Event Recording with Probes

• Built-in probe Databases and corresponding performance charts: improved handling of Spring framework wrapping connections
• Built-in probe Processes: added recording of the process identifier (PID)
• Bug fixed: duplicated parent events might have been created for dependent events by built-in probes Files and Sockets
• Bug fixed: false alarm in event inspections "Socket connection opened but not used" and "Files opened but not used"

IDE Integration

• Eclipse: plugin code improvement and cleanup
• Eclipse: support of 3rd party launch configuration types improved (detail)
• Eclipse 4.5 supported (tested with M5)
• MyEclipse 2015 supported
• IntelliJ IDEA 15 EAP supported
• NetBeans 8.1 supported
• JDeveloper: added detection of 32 vs 64-bit Java to automatically choose appropriate agent bitness
• JDeveloper 12c supported

Miscellaneous

• New platform supported: Linux on PowerPC Little-Endian (ppc64le)
• New platform supported: Linux on AArch64
• UI: new feature: inline search in all tables and trees: click a table or a tree and start typing. In trees the search works in currently invisible (collapsed) nodes too, except for those in the object explorer and "Incoming References" because they are potentially infinite and in merged callees list and merged paths for performance considerations.

  

• Welcome screen: added a list of recent remote connections
• IBM Java 8 supported

• IBM Java: profiling overhead has been significantly reduced.

  Caveat: as the result, the following profiling capabilities are no longer enabled by default:

  • exception telemetry;
  • local variable names in memory snapshots (stacks and threads are not affected).

  You may return them (as well as associated overhead) by specifying startup options _enable_exception_events and _with_local_vars respectively.

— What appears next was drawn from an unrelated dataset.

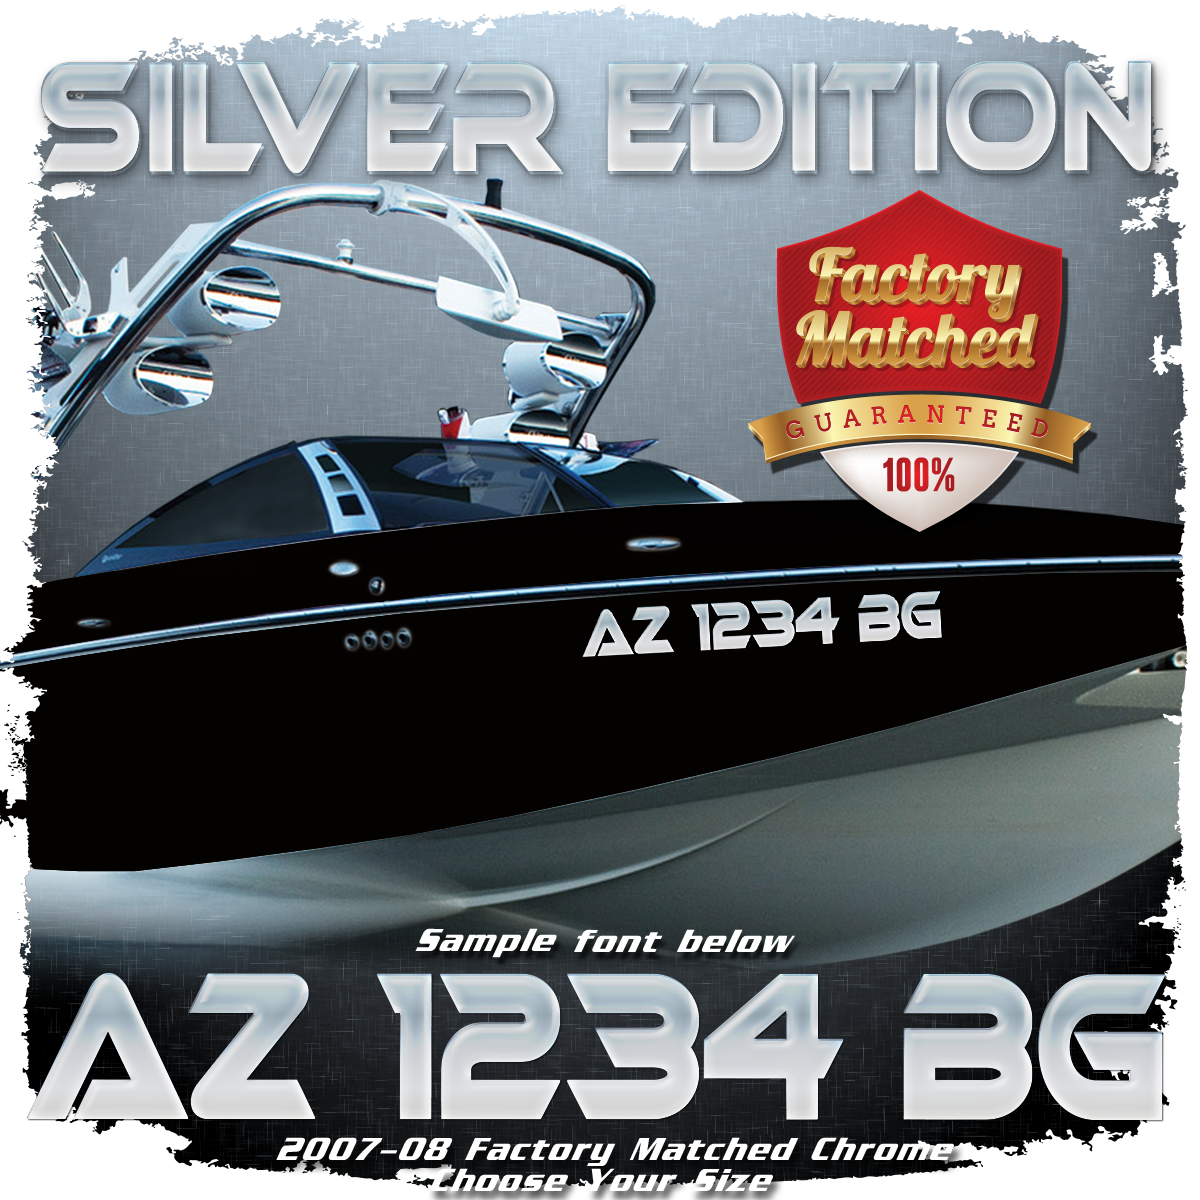 Malibu Silver Edition Registration, Factory Matched Chrome (2 included)
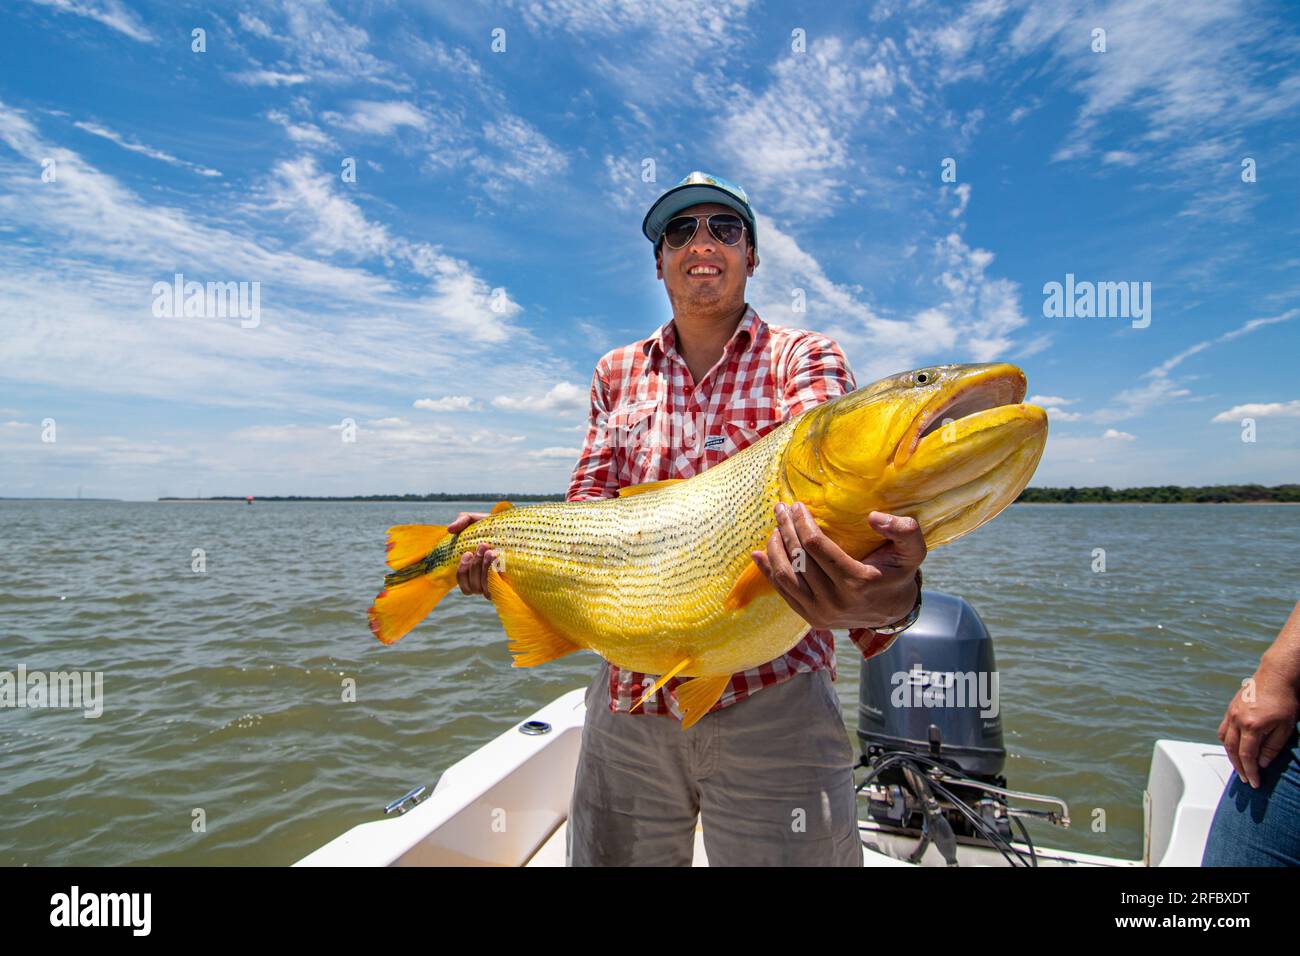 Grown white man holding a big specimen of golden dorado (Salminus Brasiliensis) after a catch and return fishing routine. Stock Photo

• New feature: profiler agent status can be checked by opening http://localhost:<agent port> for a local profiled application or http://<remote host>:<agent port> for a remote profiled application in a web browser. The shown page resembles the content of the Summary tab in the profiler UI plus provides detail on currently active profiling modes.
• Agent: bytecode instrumentation optimizations and bug fixes. In particular, the changes solve issues with Groovy classes and classes obfuscated with ProGuard.
• Agent: startup option sessionname now allows to use an environment variable value by specifying its name in curly brackets. The default, automatically generated session name can be specified via {default}. For example, to append the host name to the default name, use sessionname={default}-{HOSTNAME} on UNIX and sessionname={default}-{COMPUTERNAME} on Windows.
• Agent: new startup option log_sys_time makes each entry of the agent log file annotated with system date and time, in addition to the process uptime
• Agent: attach mode: to reduce the pause on attach that can be observed for some applications (e.g. IntelliJ IDEA), the built-in probes JUnitTests and TestNG are now by default disabled
• UI: the profiler UI itself now requires Java 7 or newer to run. Note: profiling of Java 6 applications remains fully supported.
• UI: "Open Snapshot" dialog: new action "Open Containing Folder" opens the snapshot file location in system file manager
• UI: "Open Snapshot" dialog: to improve readability the snapshot file extension .snapshot is not shown in the table
• UI: the dedicated legend component describing non-trivial icons in trees has been removed to save vertical space. Instead, an icon description can be found in its tooltip.
• UI: the demo application launched from the Welcome screen is now started with CPU tracing instead of CPU sampling
• UI: improvement: action File | Extract Performance Snapshot offers to open the resulting snapshot
• UI: automatic update check: the notification that a newer version is available is shown once a day only instead of doing so on each UI start. Note that you can explicitly check for updates using Help | Check for Update.
• UI: bug fixed: race condition could lead to an internal error when capturing a performance snapshot
• Snapshot comparison results tab header now explicitly indicates which of the compared snapshots is the old one (the baseline) and which the new one.
• Deadlock detector: when a deadlock is detected, a new button "Copy to Clipboard" is shown next to "Refresh" to make the functionality easily discoverable. Previously the copy action was available in a popup menu only.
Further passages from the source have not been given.